I hope this gives you a glimpse of how tools like the Logit Lens can help us understand how these models predict and reason about the input we provide.
If you want to learn more about how the Logit Lens idea works, I strongly suggest reading this essay on Less Wrong, which provides a more detailed explanation of the technique and several examples of insights one can derive from it.
What’s the role of visualization here?
After showing the examples above, I think it’s not too hard to imagine that data visualization could play a role here. Neural networks are complex objects that process a staggering amount of data. When you have plenty of data, vague goals, and the need to generate new hypotheses and intuitions, visualization is the most powerful tool in the data toolbox.
Visualization researchers have developed many techniques over the years to understand other types of neural networks, and new methods are being developed every day. However, my cursory look at the visualization academic community suggests that there is still too little focus on the problems of mechanistic interpretability. The most exciting work seems to come from industry labs rather than academia. Maybe a reflection of the fact that we don’t have easy access to production models and compute.
However, I am convinced that visualization can play a big role in this space. I have been interacting with my colleagues over the last few weeks and have been able to provide useful advice on visualization design. Visualization experts can help at least with three bottlenecks I see.
Scalability. The amount of data AI models must handle is enormous. Making visual representations scalable is an old problem with many potential angles of attack. Visualization experts can suggest ways to navigate and summarize large quantities of data in meaningful ways.
Abstraction. Visualization is not only about mapping data to graphical representations but also about designing useful abstractions and metaphors. Visualizing data processing in neural networks requires developing such abstractions, and visualization researchers are accustomed to inventing them.

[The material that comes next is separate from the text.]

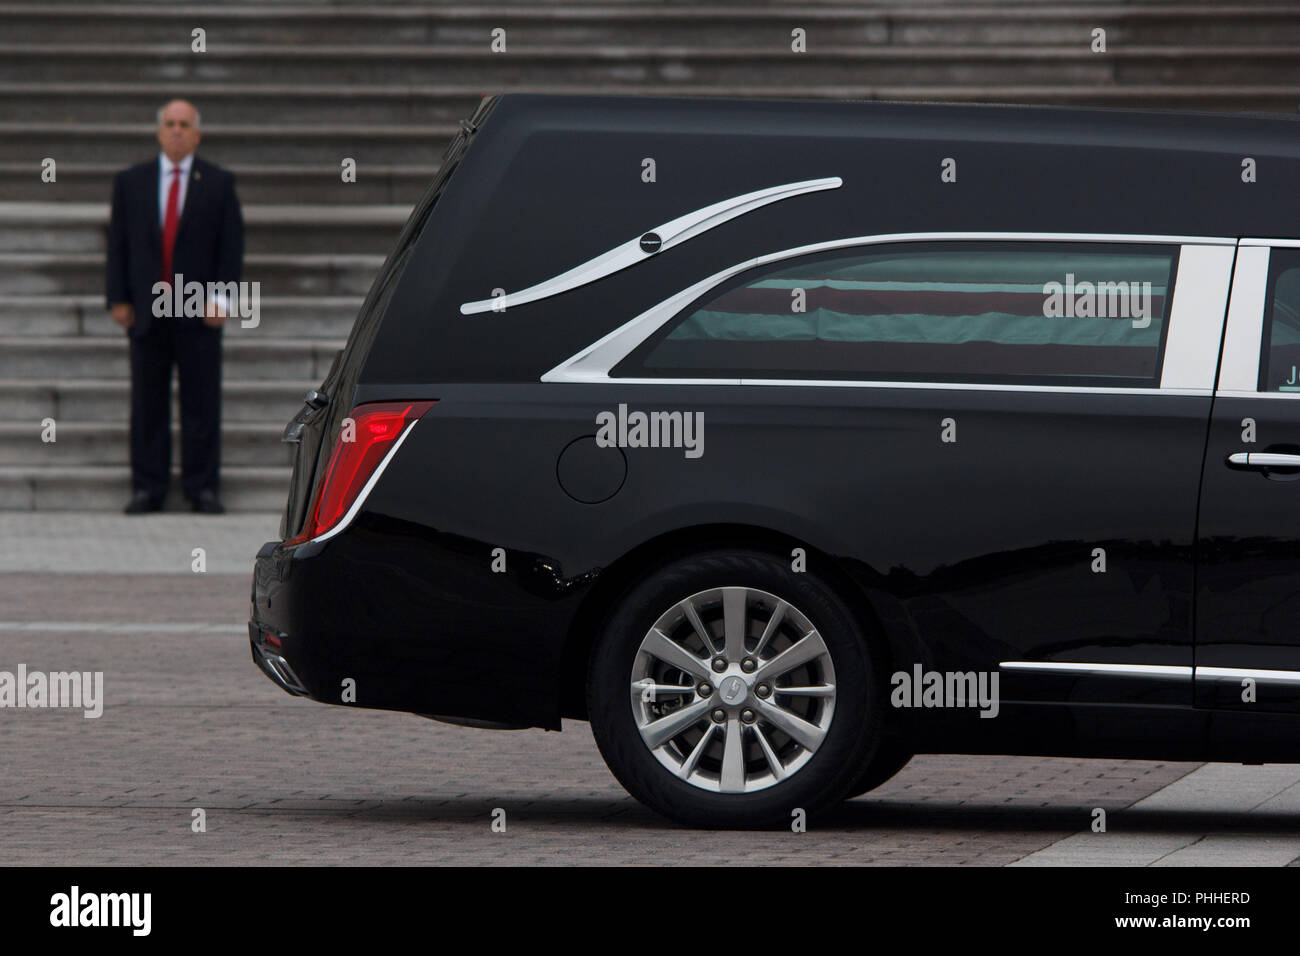 September 1, 2018 - Washington, DC, USA - The casket of Senator John McCain is seen departing the Capitol en route to a memorial service at the National Cathedral. (Credit Image: © Michael Candelori/ZUMA Wire) Stock Photo

Interactivity. When data is complex, large, multidimensional, and multimodal, there’s no single representation that can help answer all the questions. Interactivity is crucial in these cases because it helps define clear goals and adapt visual representations accordingly. Again, this is what visualization researchers have studied for almost 50 years and are well-equipped to suggest and invent clever interactive solutions to investigate complex neural networks.
While visualization researchers have developed many solutions for visualizing neural networks, there is still relatively little awareness of “mechanistic interpretability” and the fantastic opportunities that exist when focusing on supporting researchers who study how generative AI models work.
I hope to see more people involved in this area. I am myself moving first steps in this direction, and I hope I’ll be able to write about my progress here. Let me know what you think!